I want to tell you the story of how I found Integrative Body Psychotherapy. It was a time when my life was torn apart, and I was feeling anxious, depressed and overwhelmed. I needed someone to talk to and I found Vera – Dr. Vera Dunn in Los Angeles to be exact. She’s still there and working her magic.
Even though Vera is slight in stature, and soft and gentle in nature, when I first met her, her presence felt like a pillar of strength. After our first hour together, I felt lifted as I walked out. When I asked if she had homework for me, she said “Notice what you feel in your body.”
What do I feel in my body? Strange. I’d never really thought about how I felt in my body except to notice the odd pain. I couldn’t quite tie the two together – body feelings and what that had to do with anxiety and depression. It remained a mystery for several weeks into my therapy with Vera.
Each week during my sessions, Vera would ask me to take some deep breaths and check into where my breath went in my body. As I took the breaths, I would notice that I felt tired, or that my head or back hurt, or that I wanted to cry. If my shoulders were tense, she would ask me to roll my shoulders and breathe into them. She would notice when I felt something even before I did. I felt attended to in a profound way.
It was after my fifth therapy session when I finally understood the body-mind link. I woke up one night and noticed that my chest felt strangely relaxed. It was a good feeling, but not something I was used to. As Vera and I processed this shift, I realized that I’d probably had a chronic tightening in my chest most of my life.
It was as if my chest wall had developed an armor to protect my heart.
As Vera and I delved deeper into the reason for this protective covering, I realized that I often felt bad and like I’d done something wrong. I began to see that whenever someone appeared upset, I would think I was to blame. I realized how deep this was while driving on the LA Ventura freeway one day when a car passed me and the driver flipped me the finger and looked angry.
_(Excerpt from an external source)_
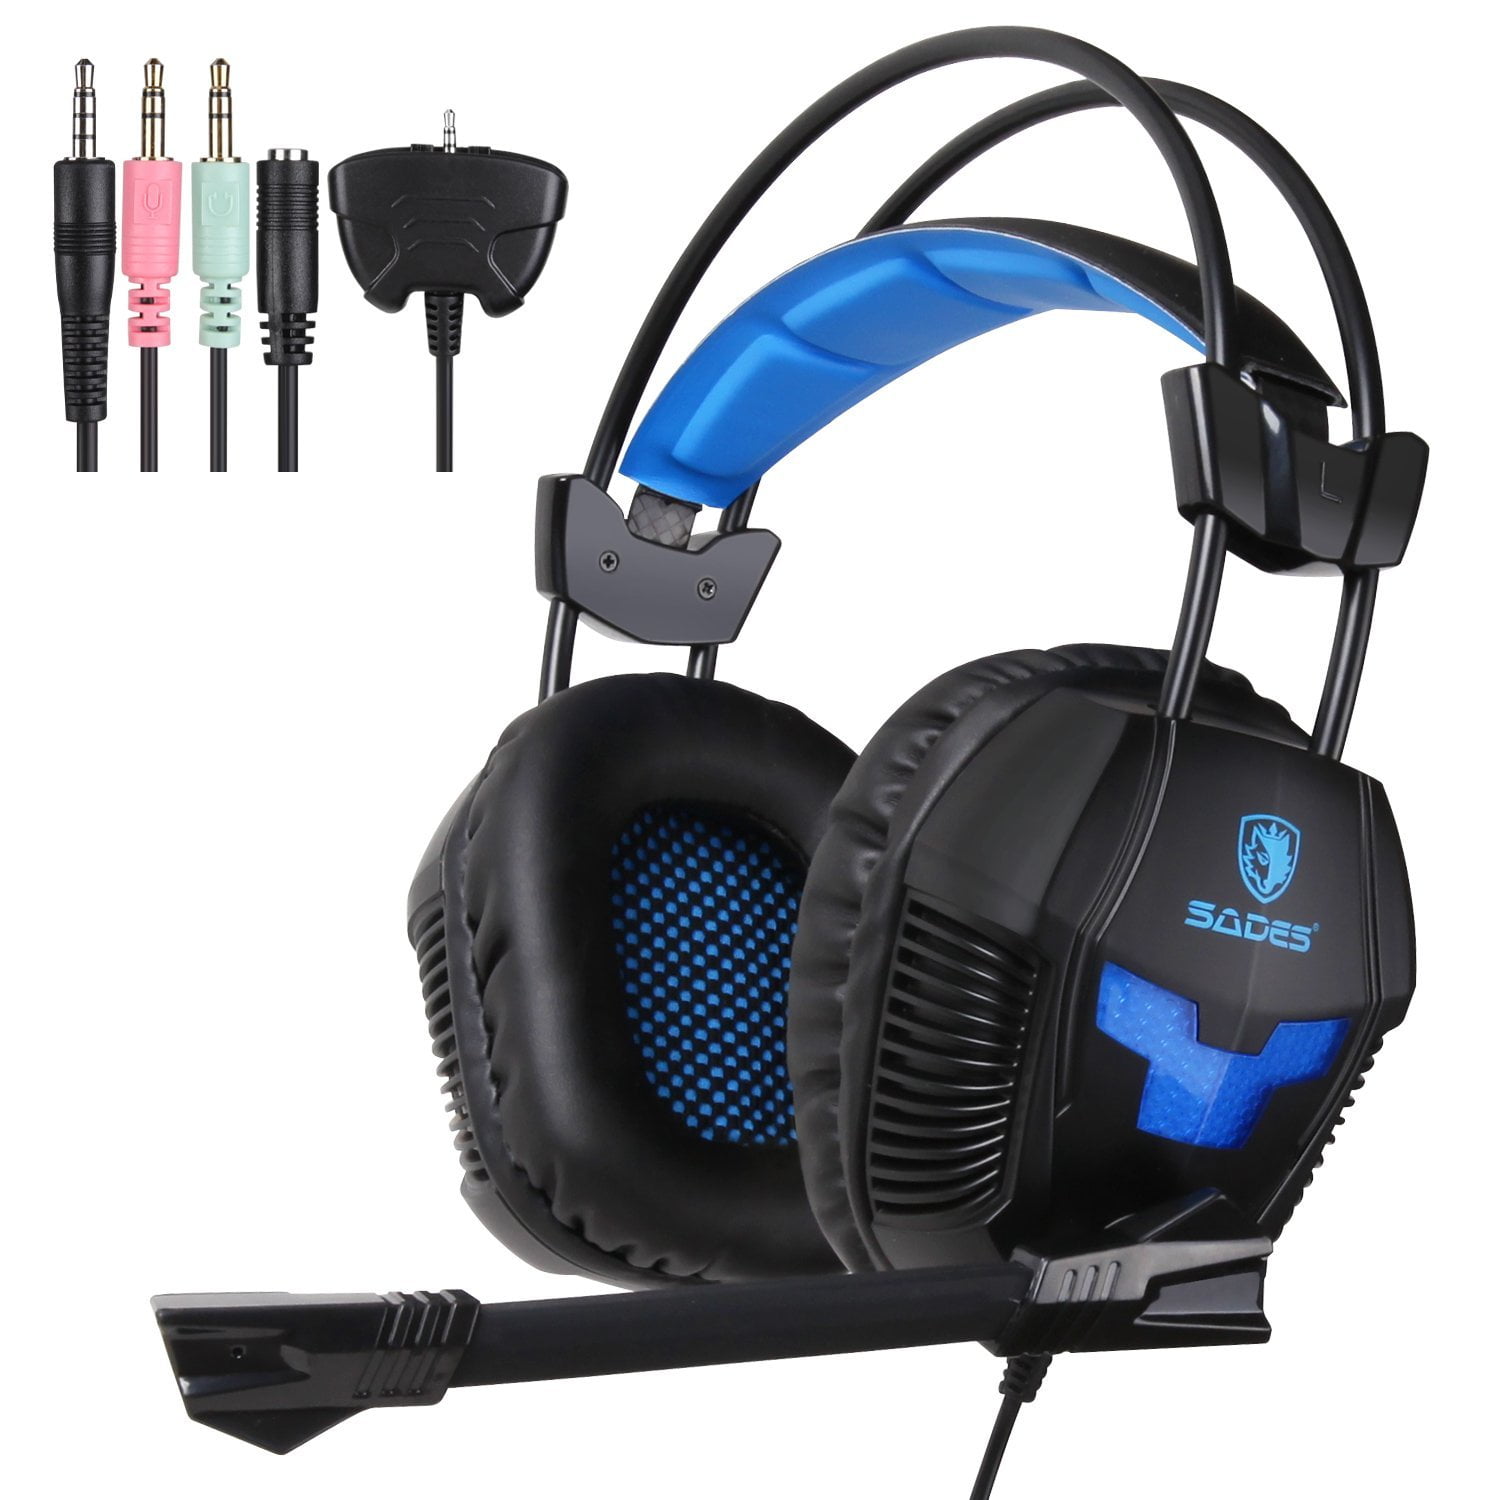 Sades Sa 921 Professional Wired Pc Gaming Headset Over Ear Headphones With Microphone For Pc Laptop Ps4 Xbox Cellphone Walmart Com Walmart Com

Automatically I went to what I might have done wrong.
Here’s what I did differently for the first time.
With my new therapy skills, I noticed that my chest tightened, I felt the feeling of shame spreading, and my thoughts spinning about how I must have done something wrong.
I interrupted this old pattern by taking several deep breaths and I brought myself back to presence by noticing the red car on the other side of me, the green sign with white printing, and the gray pavement. (This was all happening while I was driving at 65 mph on the freeway in LA.)
When I could feel my body in the driver’s seat and feel the energy from the breath coursing through me, I kept telling myself I wasn’t bad, I hadn’t done anything wrong. This is an old feeling and not about now.
Now I could really feel like I was in the driver’s seat, not only in the car I was driving, but in my life.
I didn’t have to feel like I was bad anymore.
Fast forward to now and I am now operating a private practice in Vancouver, British Columbia and working on launching an online course “The Core Self Transformation.” I am passionate about IBP and sharing its power with others.
So, what is Integrative Body Psychotherapy (IBP)?
Integrative Body Psychotherapy (IBP) is a somatic therapy, developed 40+ years ago by master therapists, Drs. Jack Lee Rosenberg and Beverly Kitaen-Morse, in Los Angeles. Their focus was to get to the root of their clients’ emotional pain effectively and efficiently and to resolve it once and for all. As news spread about their work, therapists from all over the world came to learn from them and to take the 400-hour training curriculum for mental health professionals in Los Angeles.
How does Integrative Body Psychotherapy help?
IBP…
- Works with the whole you – body, mind AND spirit. It uses breathwork and movement to wake you up and get you connected inside. Experiential exercises help you understand what is really going on inside you. Through the IBP process you become MORE of you.
- Looks at how you experience yourself and how you move through your life. As you go through the process, you become aware of how you might be tripping yourself up. You get to know yourself in a unique and profound way as you learn to step around the obstacles that once blocked your path forward.
- Enlivens and frees you from unconscious themes and patterns that interrupt your wellbeing, so that you can lead a more fulfilling life. It works with the very essence of who you are so that YOU become more stable and resilient at your core.
- Moves you from stuck to insight, from frozen to flow, and from deadened to vibrant.
- Gets to the root of your emotional pain so that you don’t keep reliving it.
- Uses proven methods and lots of experiential exercises to get you back to a state of thriving and wellbeing.
- Helps ground you because it anchors you in your body’s wisdom.
How is Integrative Body Psychotherapy Different From Other Therapies?
Experienced therapists often describe IBP as the most complete, all encompassing therapy model they’ve ever learned. They say that once they learn IBP methods, they feel confident that they can really make a difference for whatever challenge a client brings to them.
IBP therapists are some of the most highly trained therapists in the world. To become certified as an IBP therapist, they must complete a 400 hour training program and engage in 100 hours of their own personal IBP therapy. Many IBP therapists participate in another 400 hours of training to become certified as IBP teachers.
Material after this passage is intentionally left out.